One thing I was very adamant about was showcasing things that were unique to Los Angeles. We don’t spend a lot of time downtown or with high-rises, because lots of other cities have those. And we don’t spend a lot of time in parts of the city that might look like a lot of other cities. We wanted to focus on things that are unique to L.A.: infinite highways, the more or less flat skyline, the flat carpet of lights at night, the wide horizons, certain icons like Griffith Observatory, the palm trees, the color of sky at sunset, the movie studios, or the drive-thru dairy marts or gas stations — things that make up the texture of the city, whether they’re conventionally beautiful or not.

I think of L.A. as a very widescreen city, because it’s so flat and expansive. We wanted to shoot in anamorphic and on film — shooting it in a way that would accentuate the colors of the city and the hard sunlight. That’s another thing about L.A. that is incredible and unique: the directness of light and what that does to the color palette of the city.

It might be shocking to East Coasters to find that Los Angelinos are, for the most part, just normal people, living normal lives. Mia and Sebastian are that way, too. And yet they’re still people after impossible career goals.
L.A. still has a certain hold on the dream factory idea. It’s full of people from all over the country and the world who are chasing certain dreams. That means most of them haven’t succeeded, or think they haven’t yet succeeded. You get this city of mostly dissatisfied people. [Laughs] On the flipside, it’s also a city full of these unmade pieces of art you can imagine floating through the air: unwritten songs, unmade movies, unwritten books. Society makes fun of L.A. a lot, but there’s something worth celebrating about that — this idea of dreamers. I wanted these two characters to embody the idea that it doesn’t matter if the dreams are unrealistic or if they have yet to come true, or even if they have come true. It’s the going after them that gives the characters meaning, and gives the city meaning, too.

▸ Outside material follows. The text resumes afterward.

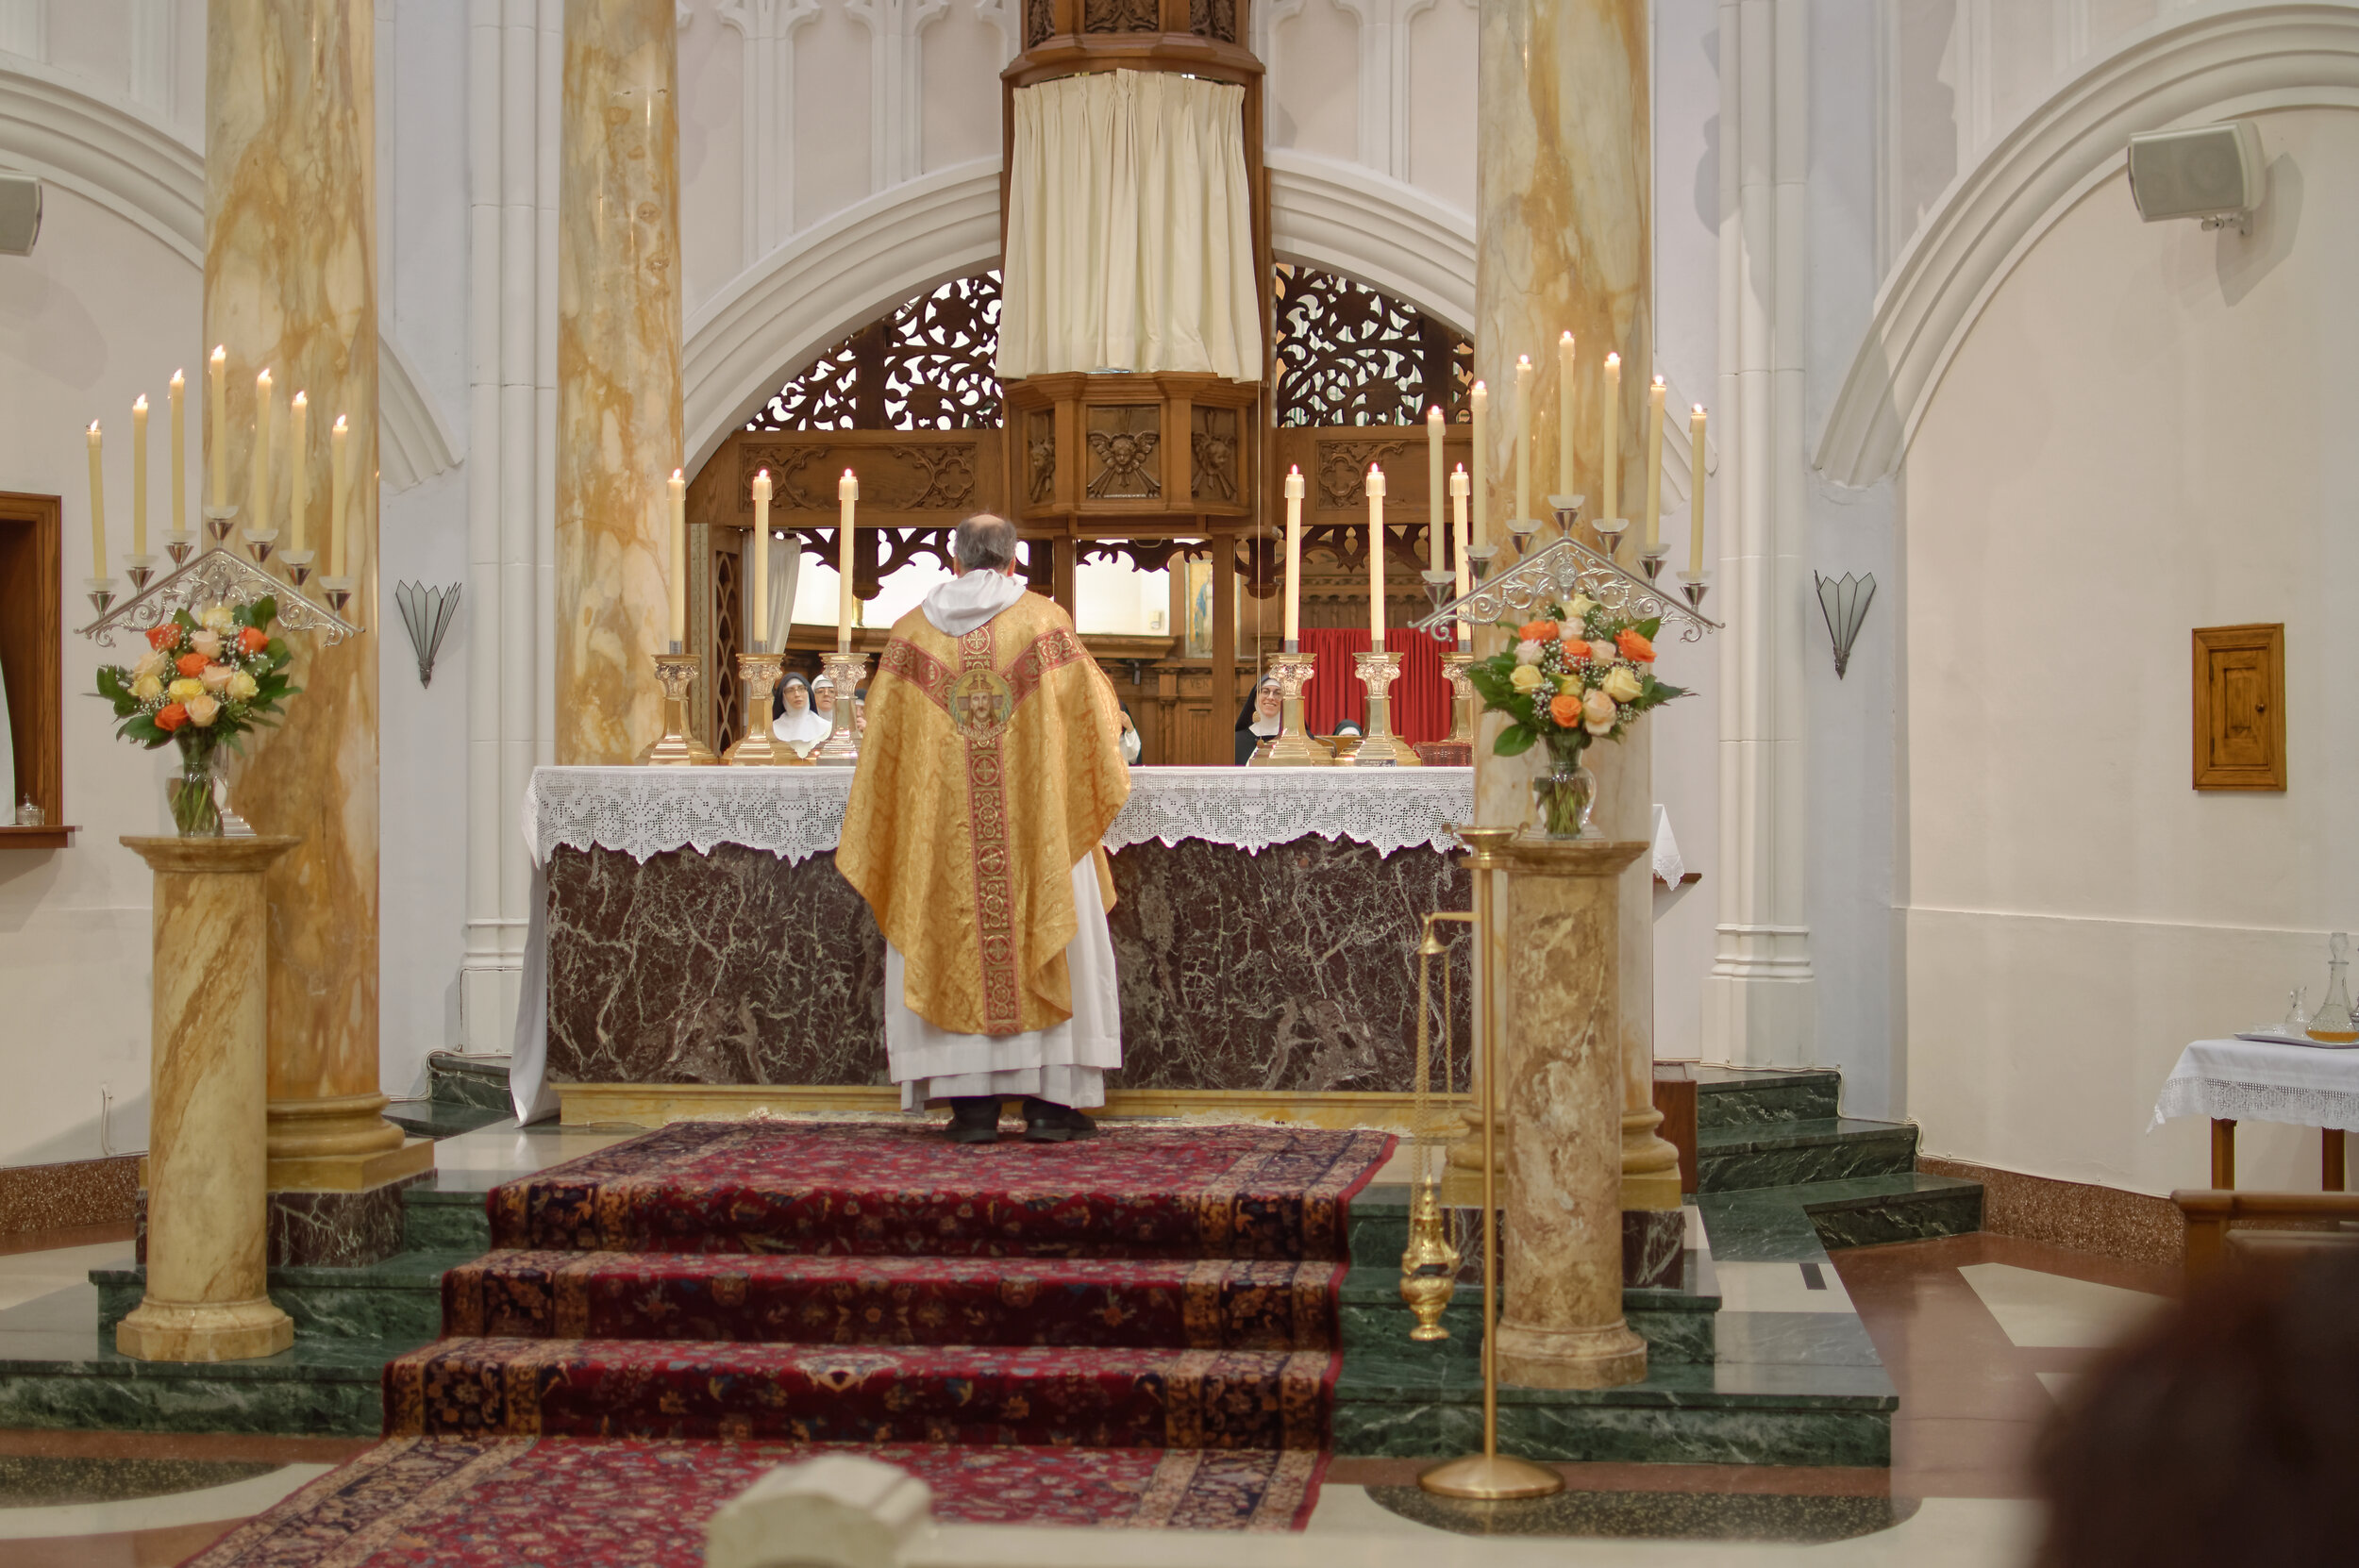 7:30 AM-Holy Sacrifice of the Mass

Some of the musical numbers are filled with long takes. A lot of times when people make musicals now, there’s a lot of cutting, which ruins one of the joys of musicals: watching performers performing, especially if they’re dancing.
It’s a pet peeve of mine how cut-y dance numbers have become, to the point where you can’t really see the dancing. “Whiplash” was a very cut-y movie, but I wanted to get inside the head of a certain kind of personality. The cut-iness seemed like an extension of that viewpoint. But I wanted this to be a romantic movie. I thought of it more as a movie about curves and longer takes and a camera that danced or swirled around the characters and around the city — a camera that seemed as drunk on love and possibility as the characters did. I thought a lot about old Hollywood musicals, but I wanted to push the camera language beyond that. I looked at movies by Max Ophuls or later Scorsese movies, movies like “Boogie Nights” — movies where you really feel the camera has a personality and a mind of its own. Sometimes it eases back and lets the dance unfold entirely on its own; sometimes it more actively participates, like in the opening traffic jam number. But the camera should always feel like a character; you should feel the human presence behind it.

Given that all three of your movies involve jazz, is there another kind of music you’re equally passionate about? No disrespect to jazz, of course.
[Laughs] Music in general will always be a big passion of mine. Jazz is just a specific thing for me. I played a lot of jazz as a kid; it was the formative music for me that a lot of other music wasn’t. That’s probably why I’ve kept gravitating towards jazz specifically. But I don’t have anything specific lined up about another form of music. Not to say that won’t happen.